The Great Harbinger
The sun slowly creeps over the green hills, golden gentle rays tumble downwards cascading waterfall like upon the land. The sleepy village wakes, merchants move towards the market square, setting up stalls and greeting neighbors. Farmers move into fields, a stomach of good warm food to raise the spirits. The smell of wood smoke and baked bread wafts over the village in a haze. The sounds of metal striking metal with the chatter of the townsfolk can be heard throughout the hills.

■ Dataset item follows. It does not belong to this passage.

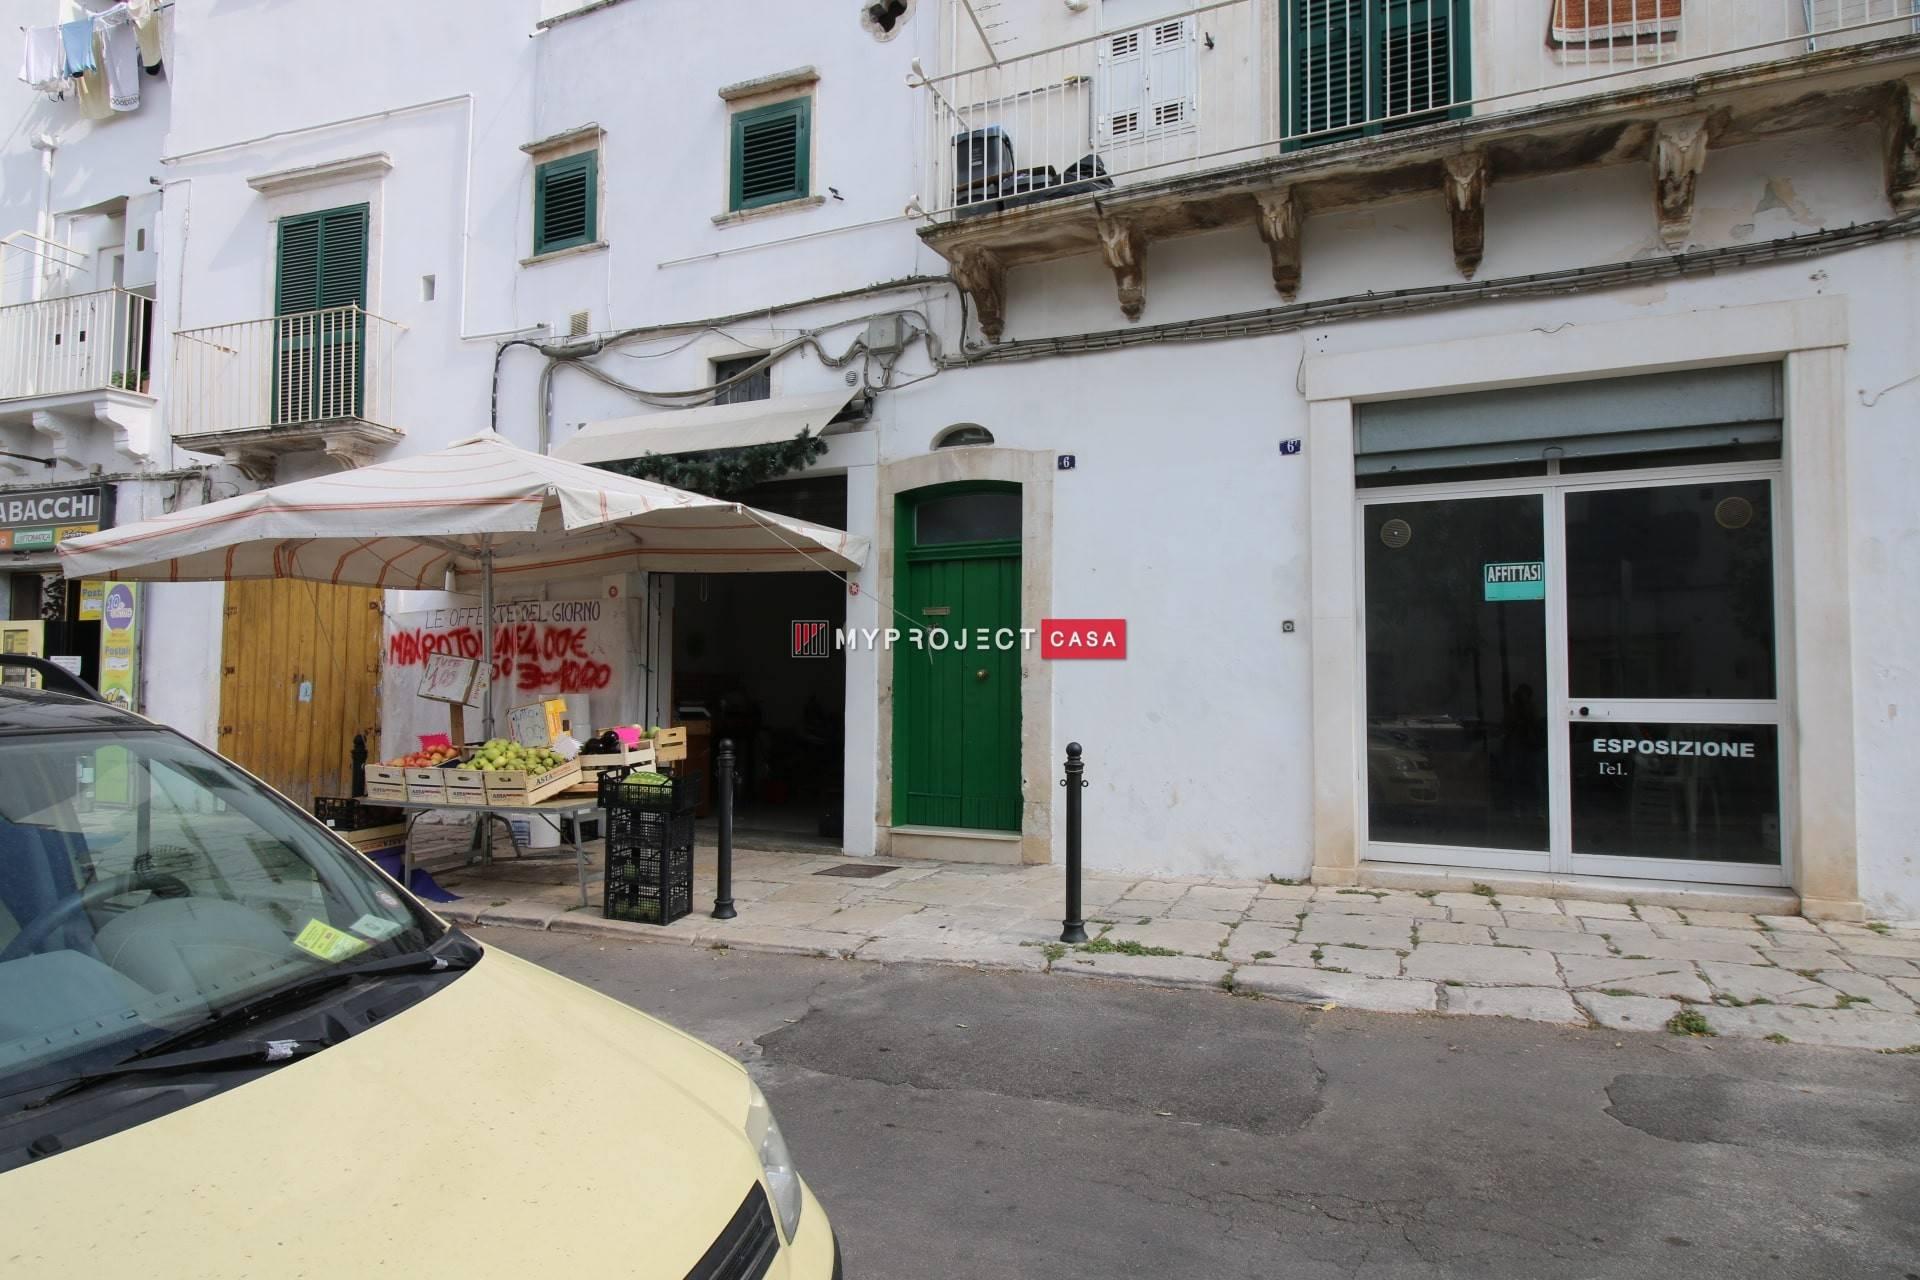 Appartamento in vendita a Martina Franca, 3 locali, zona Località: CENTRO STORICO, prezzo € 110.000 | PortaleAgenzieImmobiliari.it

The ground jerks then seizes like a wrong note being, carts are knocked over, people trip. Peasants exchange worried nervous looks, a whimper is let out. The land vanishes beneath feet, a titanic hole opens underneath out of which pours thousand of white arms. Broken, disjointed, knobbly, wretched things. Fingers far longer than needed, nails like billhooks pin down muscle, flesh, cloth and soul. All is drawn within the maw, a cacophony of screams, moans, bleats, yells and pleading to gods that cannot hear.
The hole snaps shut, and a titanic rumbling is heard diving deep downwards towards the darkness. The ground torn to shreds, rocks thrown to the sky, soil shifted and sifted, slate broken and scattered, mountains moved, continents cracked. The red sun sets over a new land.